Но простыни были мягкими. Накрахмаленными, прохладными, и они не пахли ни плесенью, ни псиной, ни кислым потом — только лавандой, чистой, сухой, домашней лавандой, которую кто-то заботливо разложил между слоями льна. Сиенна легла, и тело, измученное до последнего нерва, отозвалось на эту мягкость мгновенной, почти болезненной благодарностью. Каждая мышца расслабилась одновременно — как обрезанные веревки.
В камине весело трещал огонь. Комната была больше и светлее той, в которой она провела предыдущие ночи, — с высокими окнами, задёрнутыми тяжелыми портьерами, за которыми шумел дождь. Теплый свет ложился на стены медовыми пятнами, и в этих пятнах не было ничего — ни теней, ни угрозы, ни ожидания удара.
Впервые за долгое время её не трясло от холода.
Ханна ушла за бульоном. Дверь осталась приоткрытой — полоса коридорного света лежала на полу косой желтой чертой.
Сиенна закрыла глаза. Не спала — слушала. Дом дышал вечерними звуками: скрип половиц, далекий звон посуды на кухне, глухой стук ставни, которую ветер бил о стену. И сквозь всё это — шаги. Тихие, осторожные, мужские шаги в коридоре. Они замедлились у двери. Остановились.
Она не открыла глаз. Но по ритму — по этой нерешительной, мягкой поступи человека, который боится потревожить — узнала.
Эдгар.
Он стоял в проеме. Она чувствовала его присутствие кожей — тем звериным, обострённым чутьем, которое развивается у людей, привыкших спать вполглаза. Он не заходил. Не окликал. Просто стоял, и от него тянуло запахом сандалового мыла, чистой ткани и чем-то ещё, неуловимым — той самой безопасностью, от которой хотелось закрыть глаза и не открывать их больше никогда.

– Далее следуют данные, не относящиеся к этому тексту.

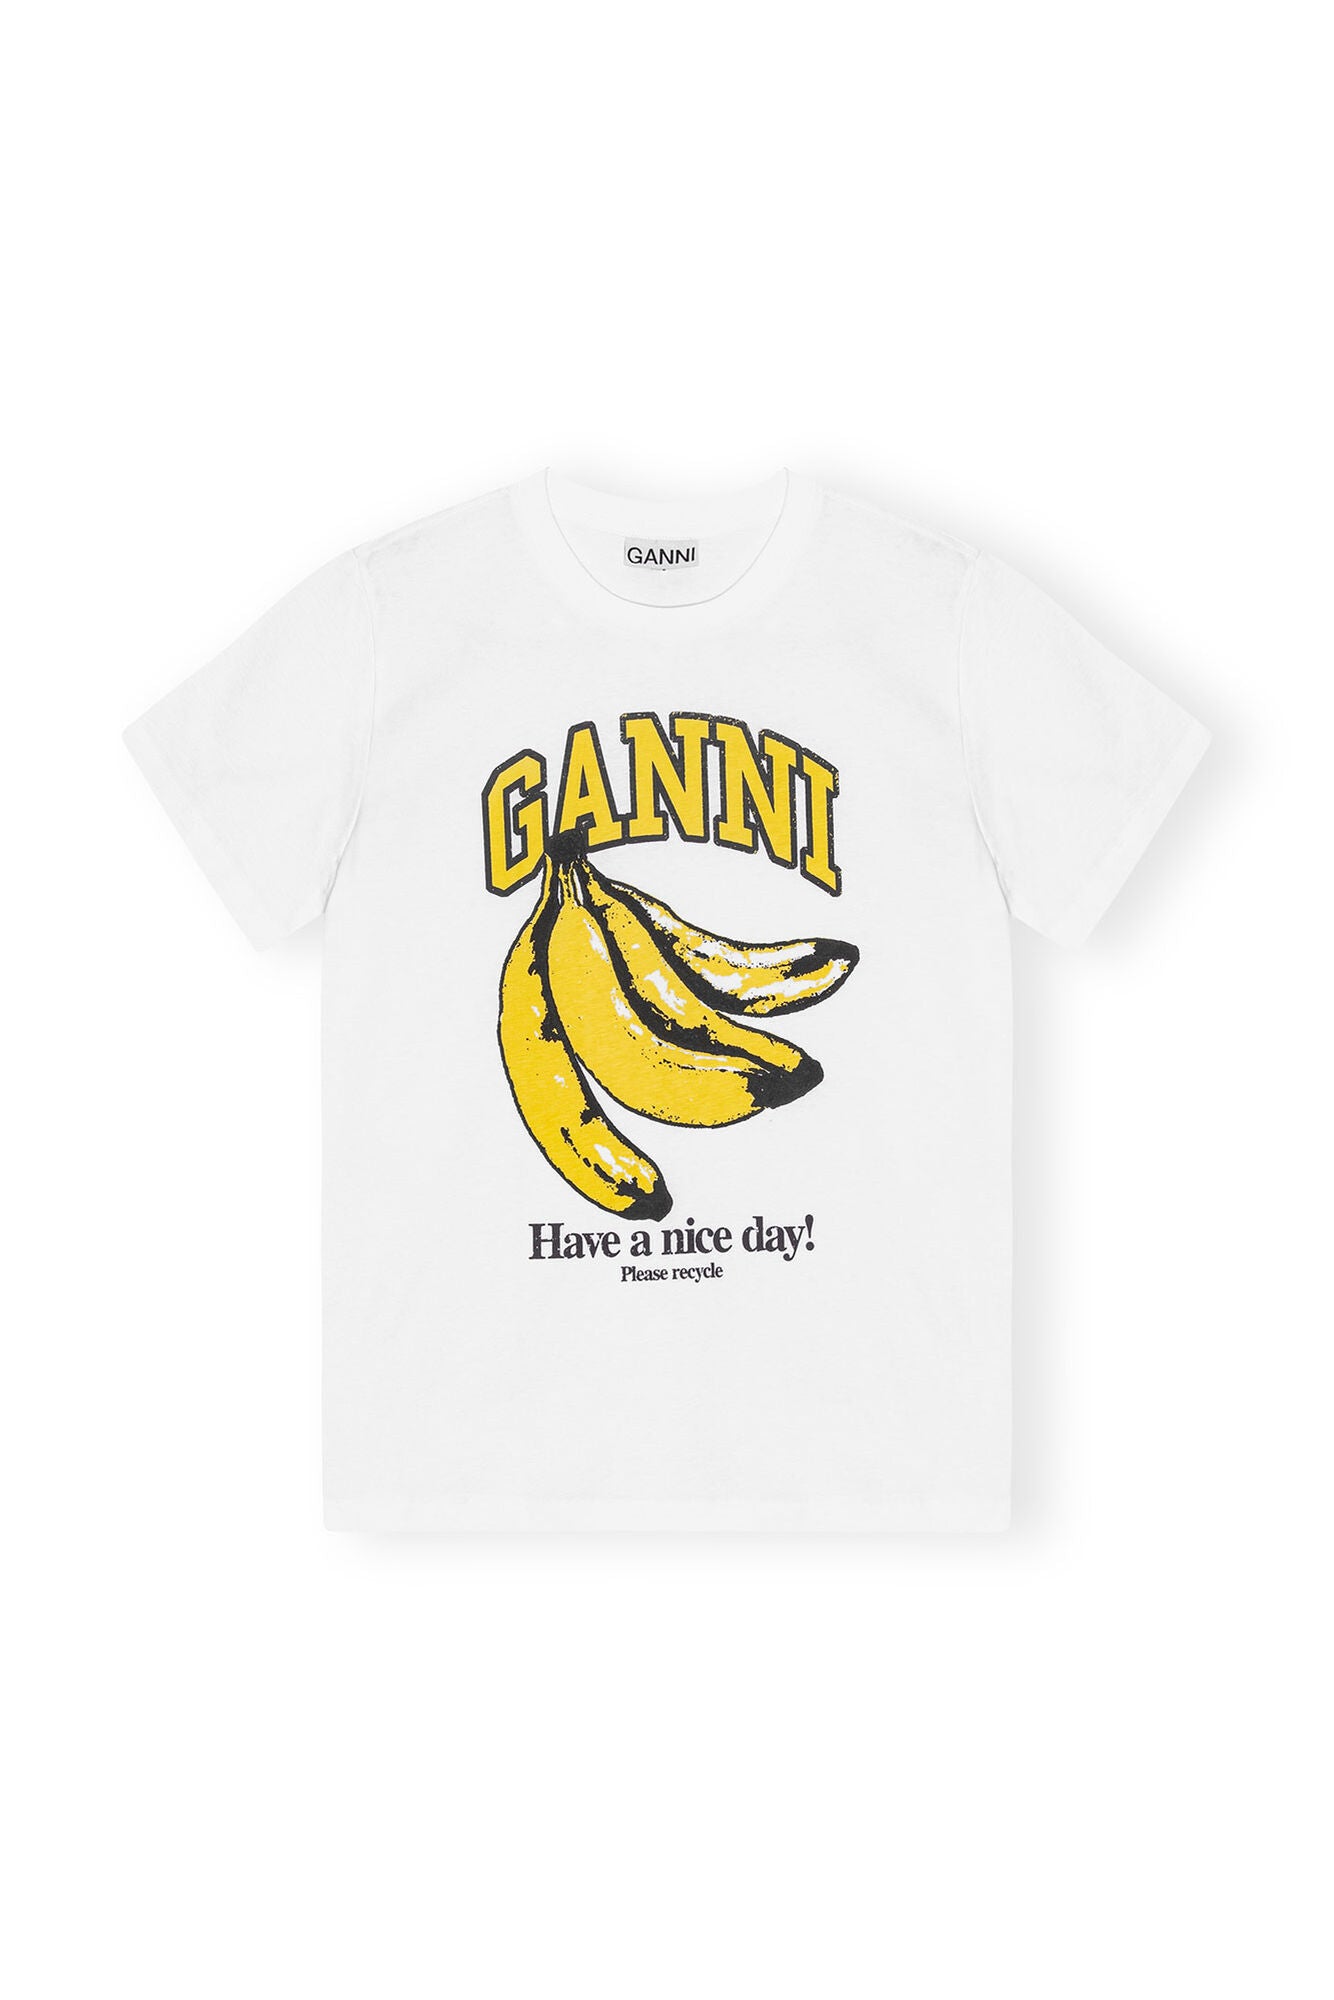 Basic Jersey Banana Relaxed T-Shirt - Bright White - GANNI - Danali - T3861
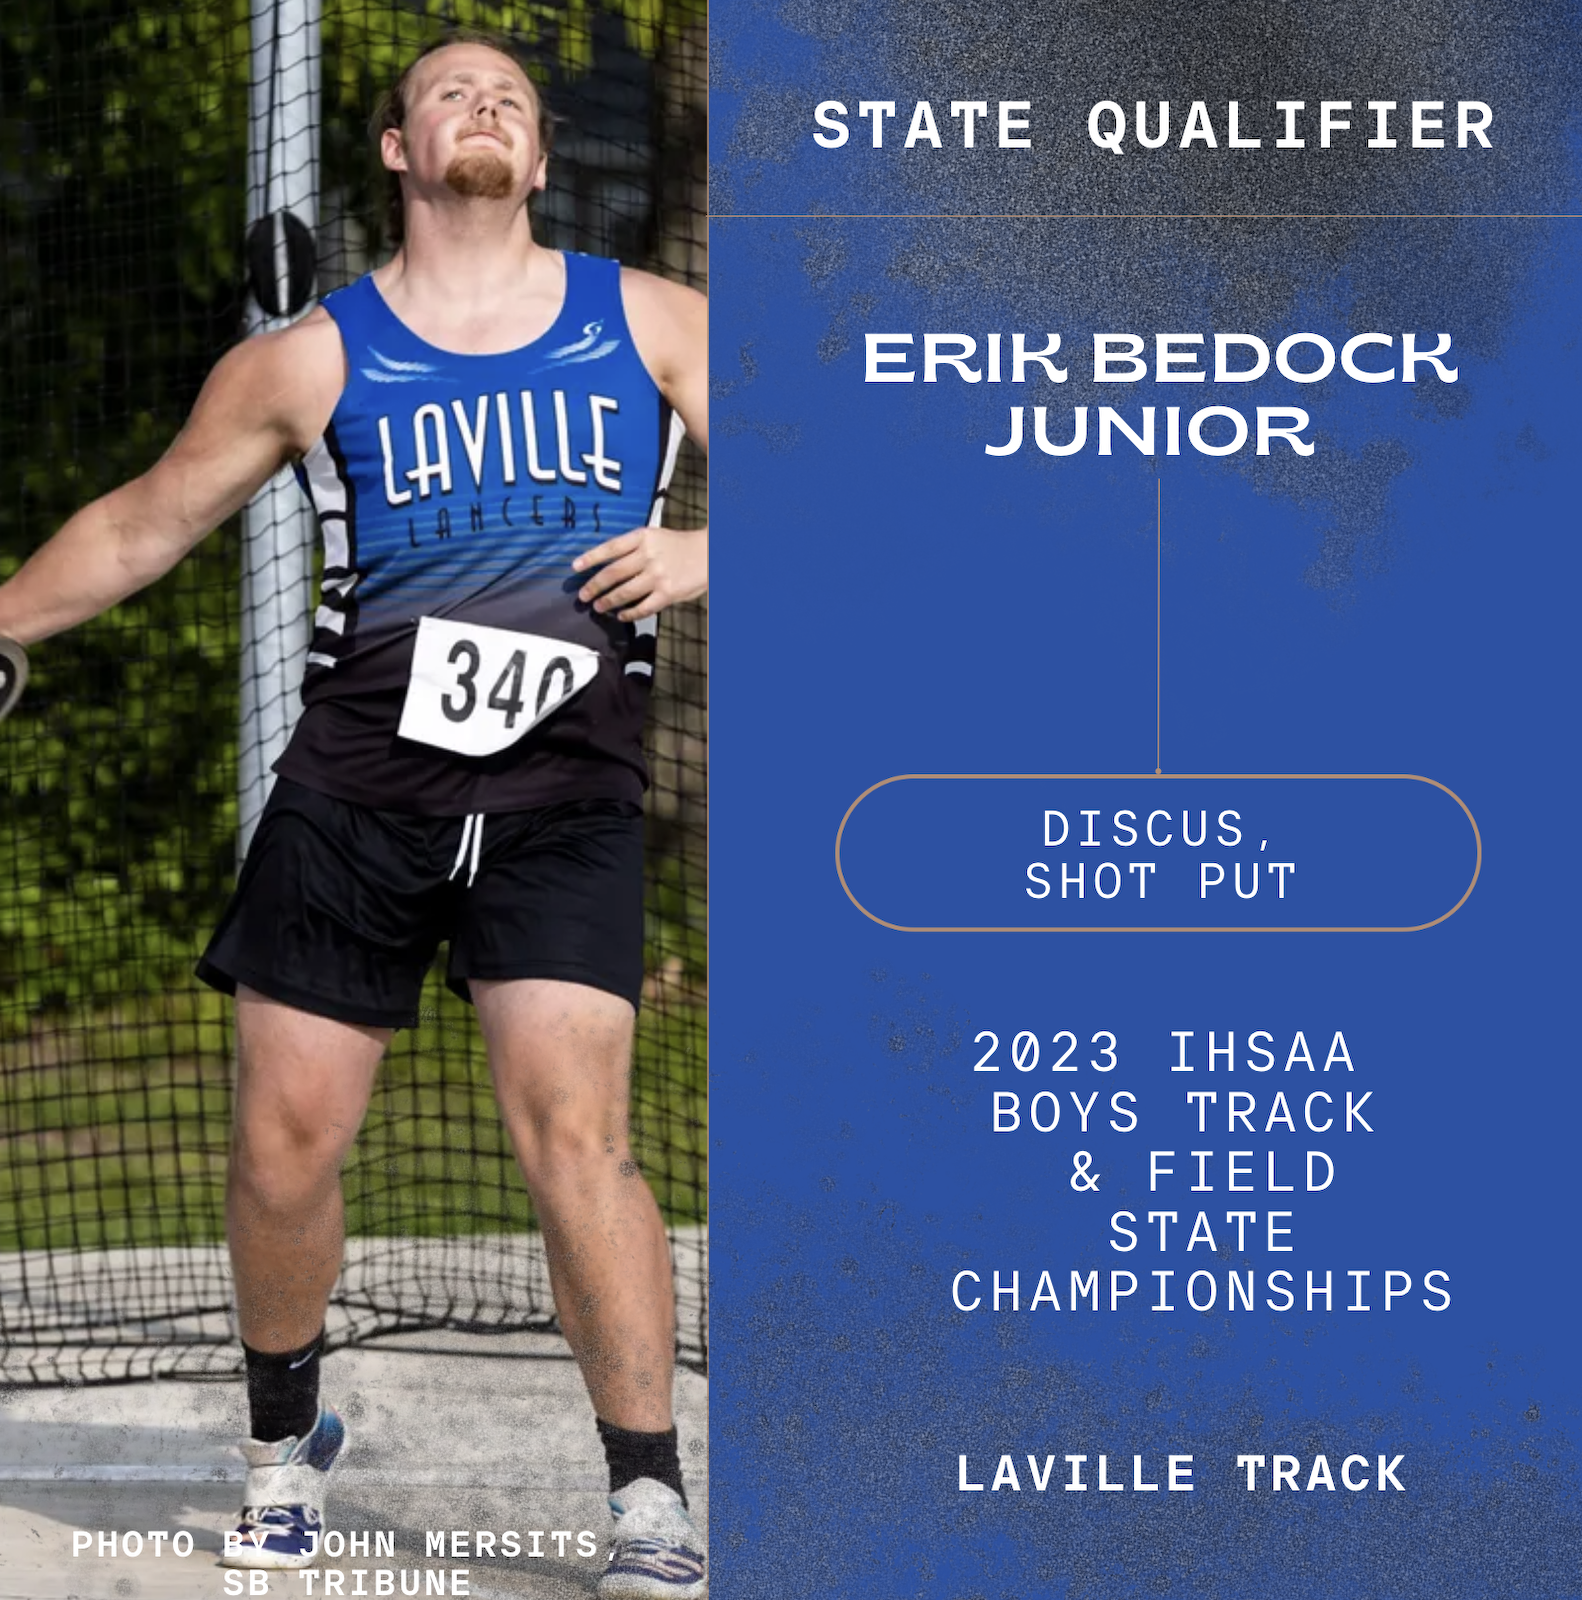 Trk - Erik Bedock Discus State Qualifier Graphic.png

— Что вы хотели, Эдгар? — спросила она, не поворачивая головы.
Он вздрогнул. Она услышала это — легкий, почти беззвучный сбой дыхания, шорох ткани. Он надеялся, что она спит. Надеялся, что сможет просто постоять рядом, убедиться, что она дышит, и уйти — не вступая в разговор, который потребует от него слов, которых у него нет.
— Простите, — прошептал он наконец. Шагнул внутрь. Дверь оставил приоткрытой — дань приличиям, которые в этом доме давно никто не соблюдал, кроме него. — Я хотел убедиться, что Ханна дала вам всё необходимое. Что вам тепло
Он переоделся. Чистый сюртук, уложенные волосы, ровная спина — весь этот джентльменский панцирь был на месте, застегнут на все пуговицы. Но в свете камина его лицо казалось старше. Тени залегли под глазами тёмными полукружиями, скулы заострились, и было в его облике что-то от человека, которого перемололо жерновами за один день. Он держал в руках книгу — томик в потёртом кожаном переплете — и сжимал его так, словно тот был единственным, что удерживало его пальцы от дрожи.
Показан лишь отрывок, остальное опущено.